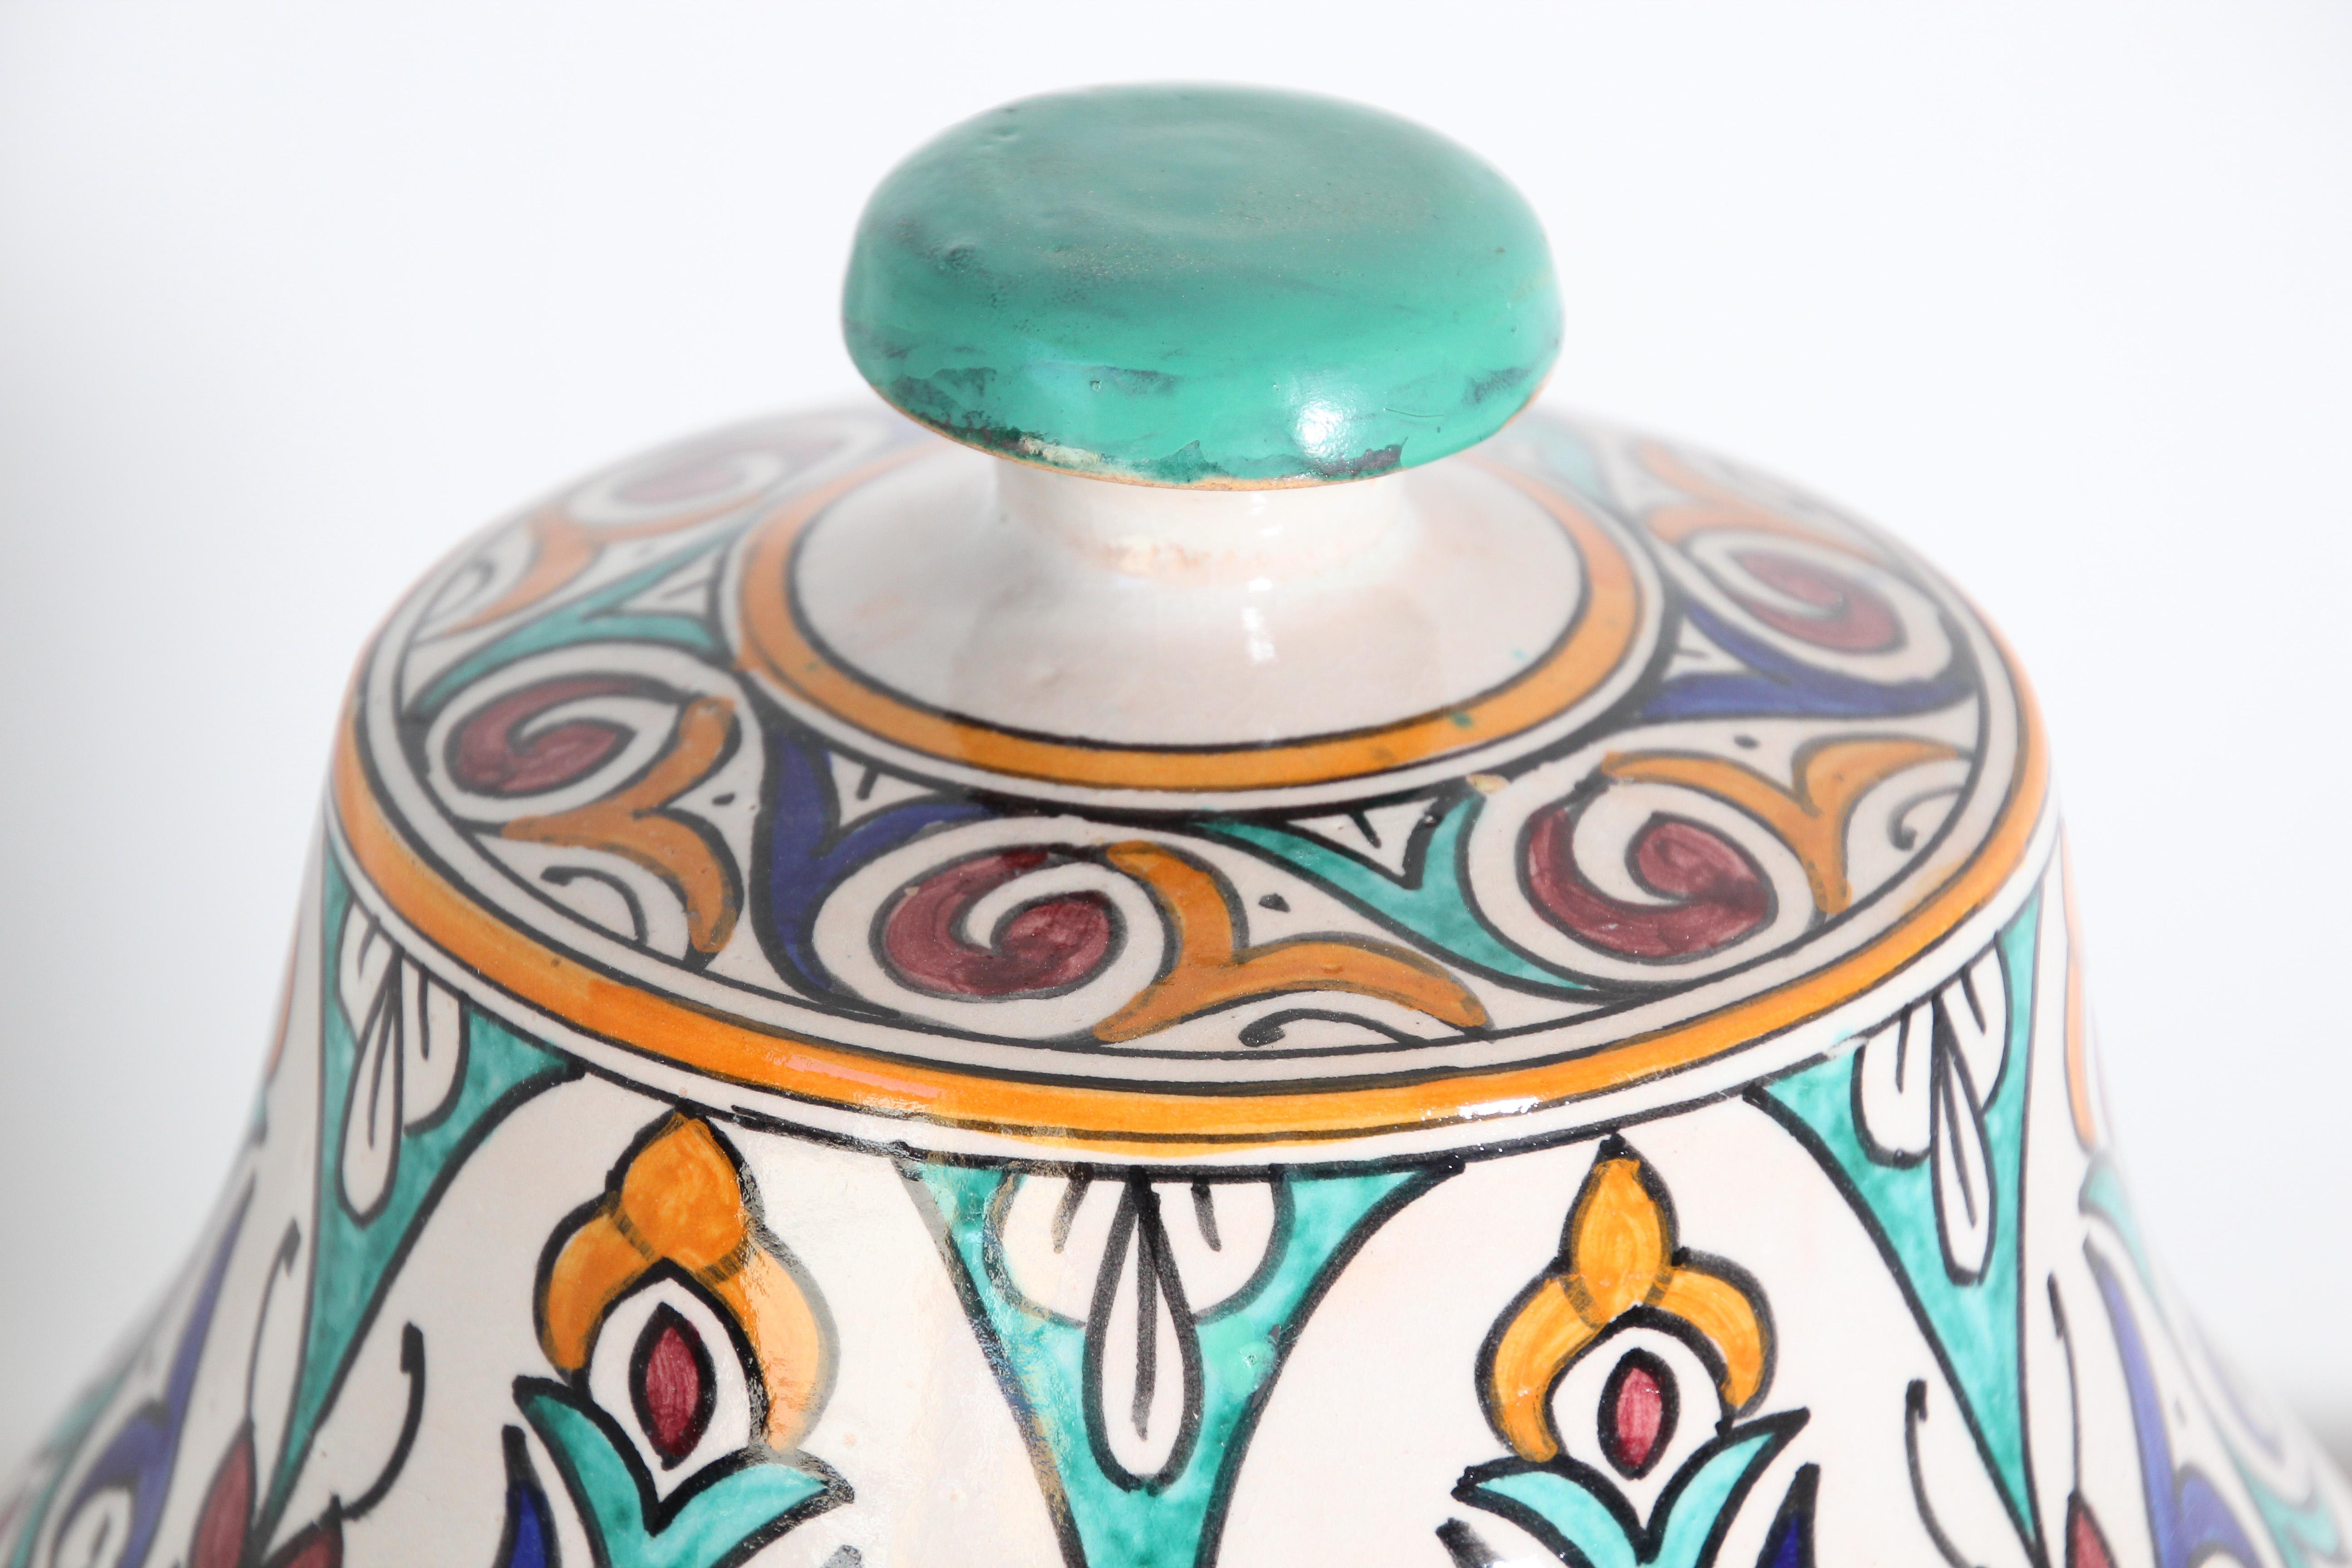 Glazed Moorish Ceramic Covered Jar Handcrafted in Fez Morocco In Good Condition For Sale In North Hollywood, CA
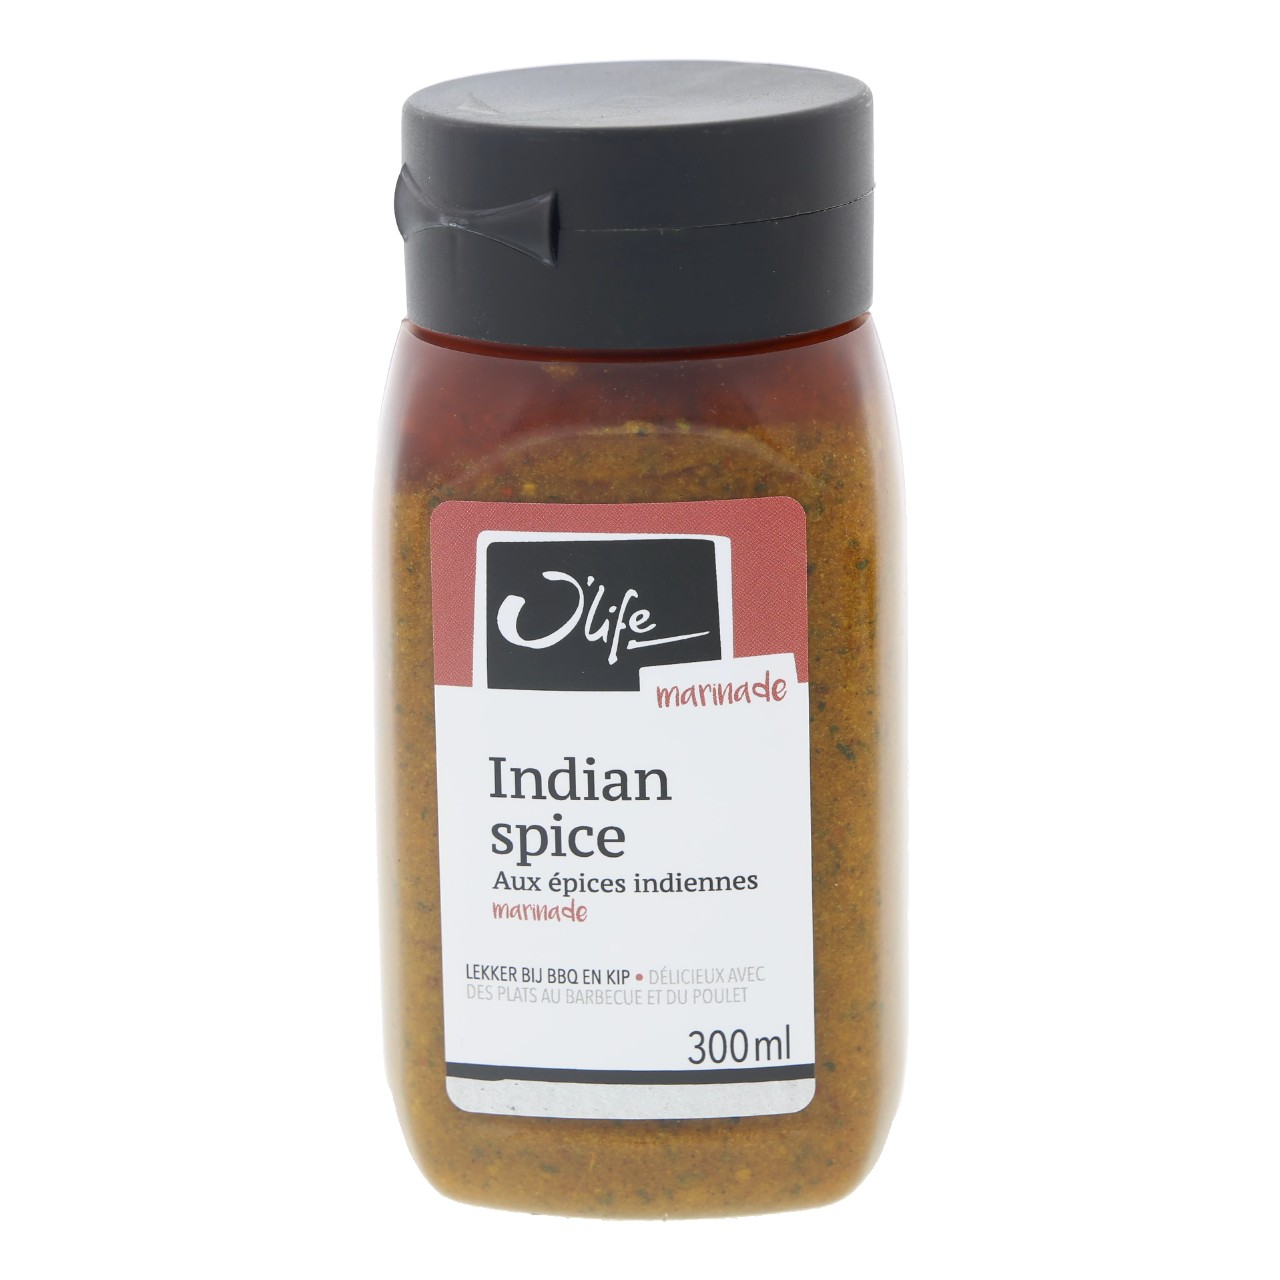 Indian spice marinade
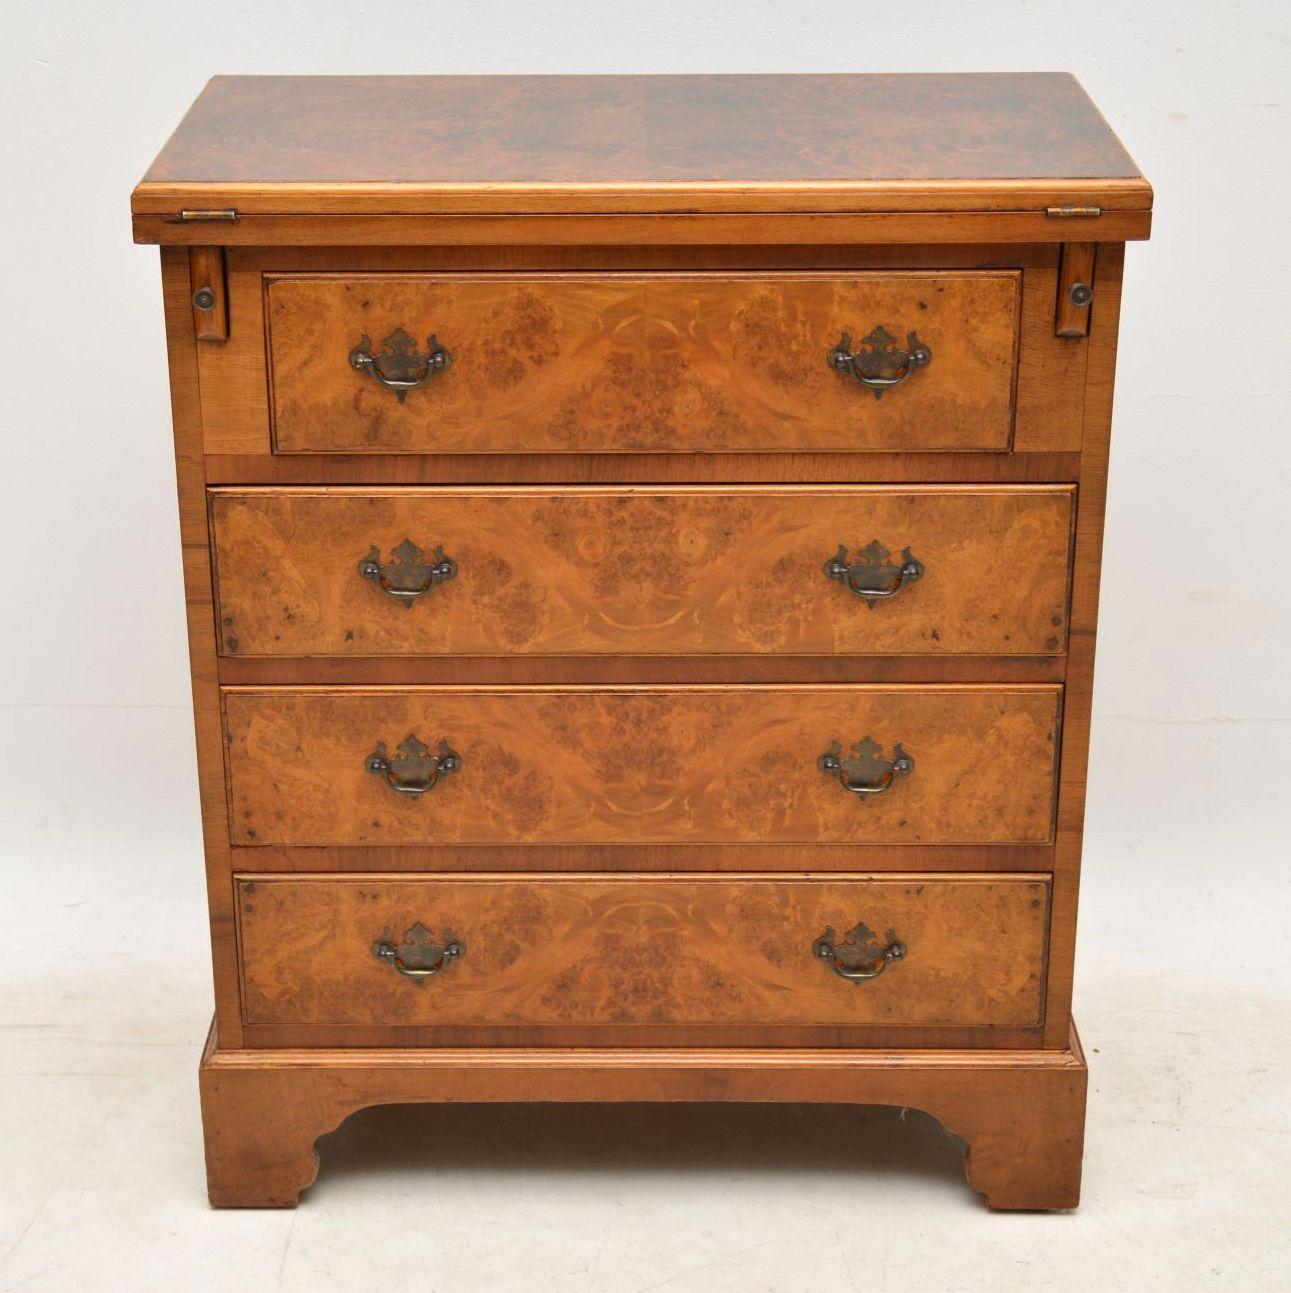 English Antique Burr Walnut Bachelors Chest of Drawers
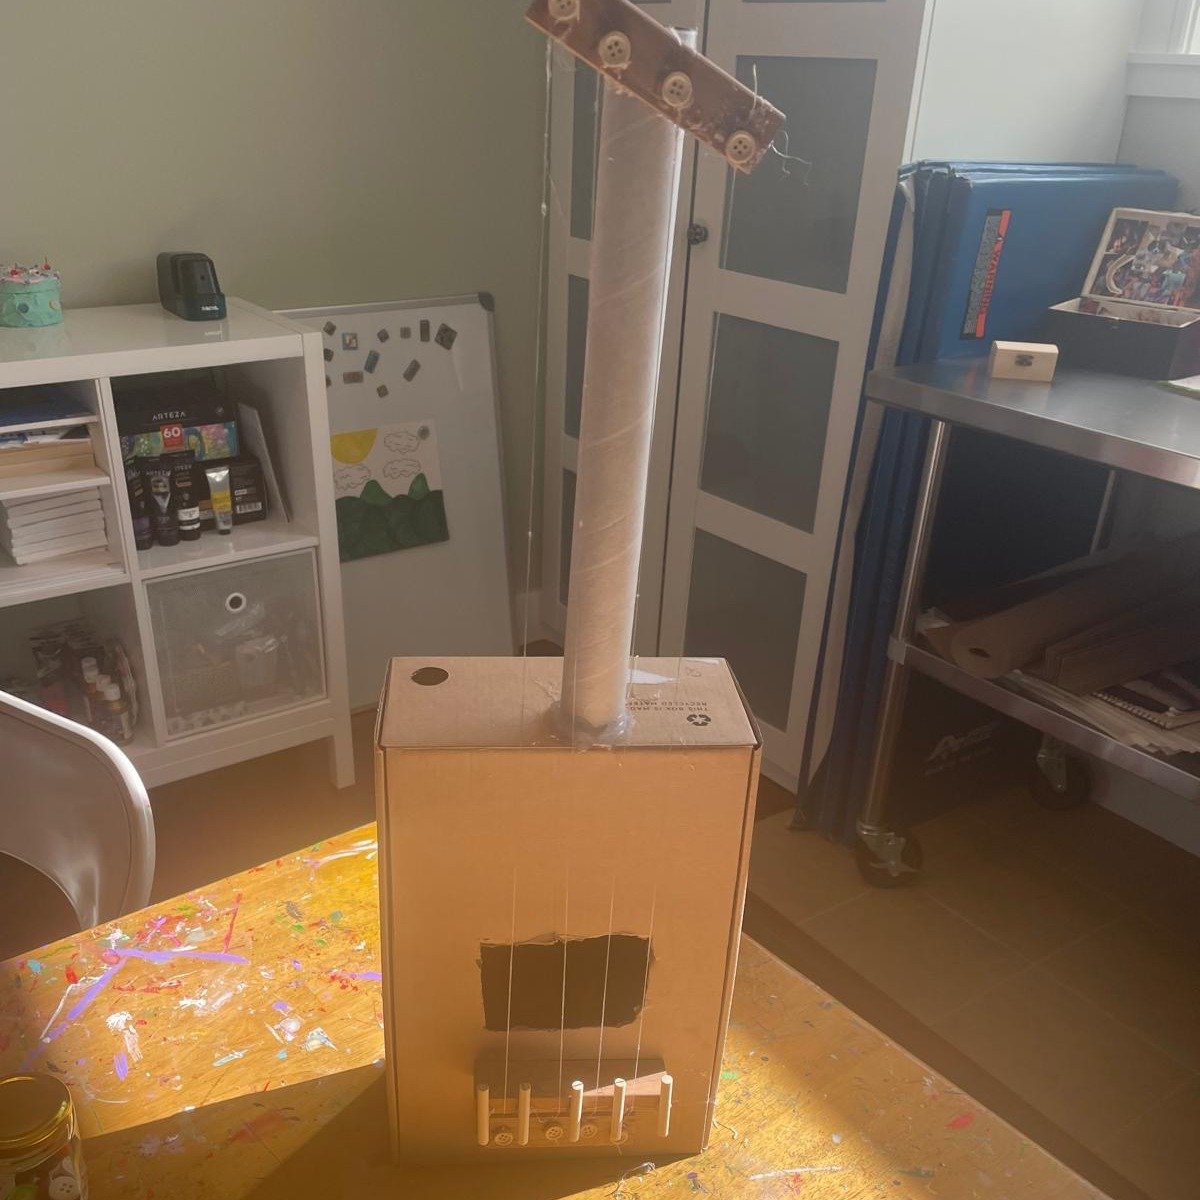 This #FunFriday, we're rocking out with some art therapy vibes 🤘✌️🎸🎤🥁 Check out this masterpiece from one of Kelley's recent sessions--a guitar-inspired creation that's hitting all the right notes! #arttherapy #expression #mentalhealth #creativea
——
**AIM OF THE TASK:** Pictures stay out of the copy; print the material above exactly.

**TASK RESULT:**
 Glazed Moorish Ceramic Covered Jar Handcrafted in Fez Morocco In Good Condition For Sale In North Hollywood, CA
 Indian spice marinade
 English Antique Burr Walnut Bachelors Chest of Drawers
 This #FunFriday, we're rocking out with some art therapy vibes 🤘✌️🎸🎤🥁 Check out this masterpiece from one of Kelley's recent sessions--a guitar-inspired creation that's hitting all the right notes! #arttherapy #expression #mentalhealth #creativea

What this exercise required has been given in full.